Cannard averaged 90 to 100 miles the first few days, before reconsidering his goals. “I just realized when I got out there I really didn't need to push myself.”

Even so, he often pedaled 80 to 100 miles, averaging seven to eight hours of biking a day. He hit 120 miles on his longest day, nearly 10 hours on the road.

The trail, established in 1973 by the nonprofit Adventure Cycling Association, mostly follows rural, two-lane roads that Cannard compares to Highway 12 in Sonoma County.

“At times,” he said, “you're out in the middle of nowhere.”

He was nearly hit a few times by vehicles early into his journey, but “once I got past the West Coast it was smooth sailing.”

Although he'd previously visited much of the West Coast during family road trips and often camped with his family and on Boy Scout excursions, biking across the country provided Cannard with new views and a new perspective.

“Small towns are the best and have the best people,” he said.

The popular Trans­America Bicycle Trail takes riders to various towns that welcome cyclists, often opening churches, homes, city parks and youth hostels for overnight respite. Cannard was amused by some points on the map.

“Most days in Kansas I'd get a good laugh at the towns. Population 24 or 48,” he said. “That's what I was riding through.”

Residents were familiar with bicyclists passing through and, except for an occasional impatient motorist, were friendly and accommodating.

“When you get in town, people know who you are and what you're doing,” he said. “You actually get to meet the people.”

Those encounters were especially welcome, considering the hours Cannard spent alone on the road. His twin brother, Edison, hoped to take the trek with him, but altered his plans last minute after deciding to attend trade school in Oregon.

Cannard kept in touch through Facebook so his family, friends and sponsor, Native Sons of the Golden West Sonoma Parlor 111, could follow his adventures. The journey took him along winding stretches of coastal Oregon, up the 11,500-foot Hoosier Pass in Colorado and along the flat terrain of the Great Plains. He saw Yellowstone and the Grand Teton mountain range and took breaks and occasional rest days to visit other sites along the way.

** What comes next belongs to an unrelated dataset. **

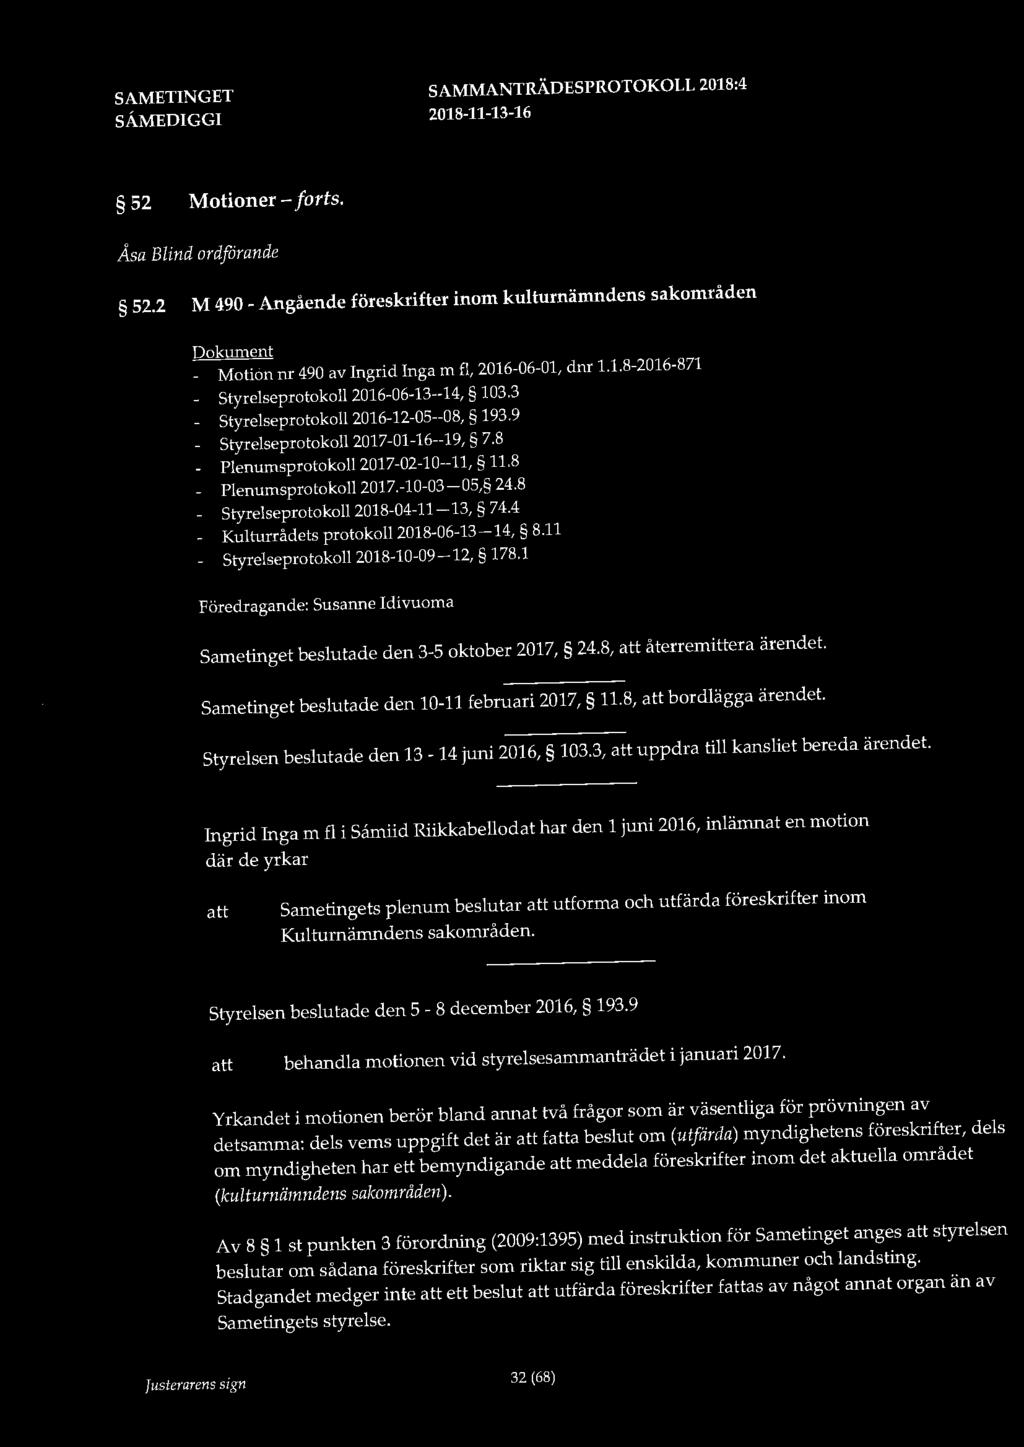 52 Motioner - forts. Åsa Blind ordförande 52.2 M 490 - Angående föreskrifter inom kulturnämndens sakområden Dokument - Motion nr 490 av Ingrid Inga m fl, 2016

He endured steep 15-to-20 percent grades; a 40-mile stretch of headwinds; humidity at 80 to 90 percent; and storms that sidelined him on several occasions.

“There were days I was suffering and I wanted to throw my bike off a cliff. There was definitely plenty of them,” Cannard said. “The rolling hills are brutal.”

Although he traveled with 30 pounds of gear, including a tent, sleeping bag and pad, dehydrated food, cooktop, clothing and tools for his bike, his only technology was his Apple iPhone - he found reception almost everywhere he went. He left 10 pounds of gear at home after returning for the final stage of his trip, after the dog attack.

Cannard replaced his worn-out tires after 1,500 miles, but never had a flat tire. A rock sliced into a tire but didn't puncture the tube; he rode 4 miles up and over a mountain to a bike shop for repairs.

He enjoyed the freedom of the open road and learned “you're the only one who has the ability to get to the next destination.” He pushed through challenges and tough days, but admits loneliness was a battle.

“It was kind of a constant thing,” he said, “especially at night when I had nothing to do.”

Although the entire trip was memorable (except for the dog attack), the final stretch was especially rewarding.

“The last 5 miles were the best part of the trip. I was just reflecting on everything that happened.”

He was battling leg pain at that point. “I was suffering. It was brutal, but I couldn't think of anything else but finishing.”

Once in Yorktown, he rolled his front tire into the Atlantic Ocean, officially completing his journey.

Cannard is now working at a local tree service company and considering joining the Marines. He'd like to return to the TransAmerica Bicycle Trail, perhaps this summer. Only this time, he wants a greater challenge.

He hopes to race across the route in 15 to 20 days, biking more than 200 miles a day. The same experience, he said, “just extreme.”